A healthy ecosystem is essential to our well being and to ensure that we need a better understanding of the life or biodiversity around us. In the first part of this talk, I will introduce how modern technology is being used to collect data on biodiversity across space and time. These data come in complex forms such as DNA sequences, high-dimensional binary vectors, sound signals, etc. I will briefly touch upon the statistical challenges involved in making sense of these data.

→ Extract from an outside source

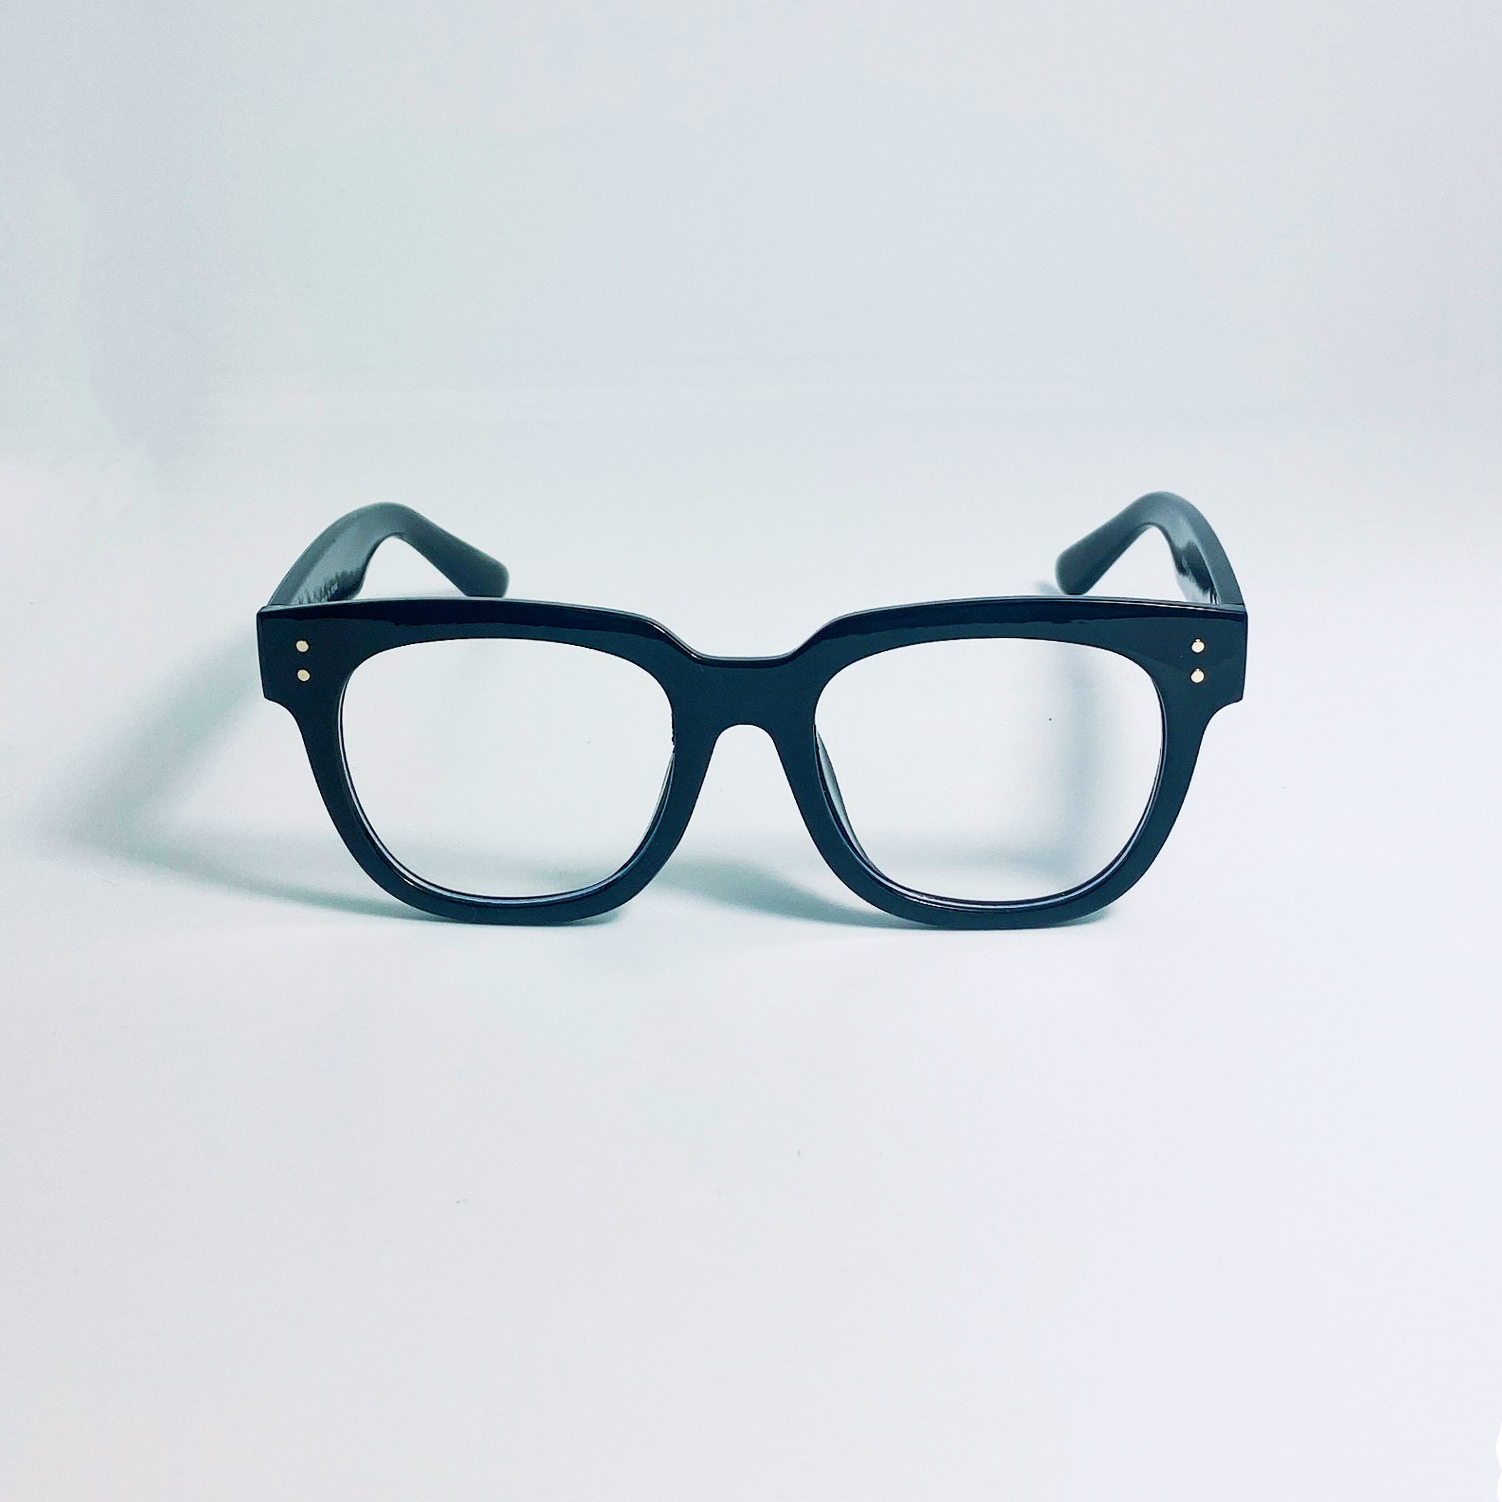 Mắt kính giả cận cao cấp Jun Secret gọng nhựa bảng to, tròng kính 0 độ chống tia UV dành cho cả nam và nữ JSVGENTLETO

In the second part, I will elaborate on a project motivated by studying temporal patterns in bird vocalizations. I will introduce a new class of semiparametric latent variable models for long memory discretized event data. The proposed class of FRActional Probit (FRAP) models are based on the thresholding of a latent process consisting of an additive expansion of a smooth Gaussian process with a fractional Brownian motion. I will describe a Bayesian approach to inference using Markov chain Monte Carlo. Results from applying the model on Amazon bird vocalization data will be presented which provide substantial evidence for self-similarity and non-Markovian/Poisson dynamics. A hierarchical extension of the proposed model to accommodate vocalizations of multiple birds at the same time will also be discussed.

Brief Biography

I am a Postdoctoral Associate at the Department of Statistical Sciences, Duke University since August 2018. I work with Prof. David Dunson on Bayesian statistical methods with a special focus on binary or count data types. Before coming to Duke, I was at Texas A&M University where I obtained my Ph.D. under the joint supervision of Prof. Bani K. Mallick and Prof. Anirban Bhattacharya from the Department of Statistics.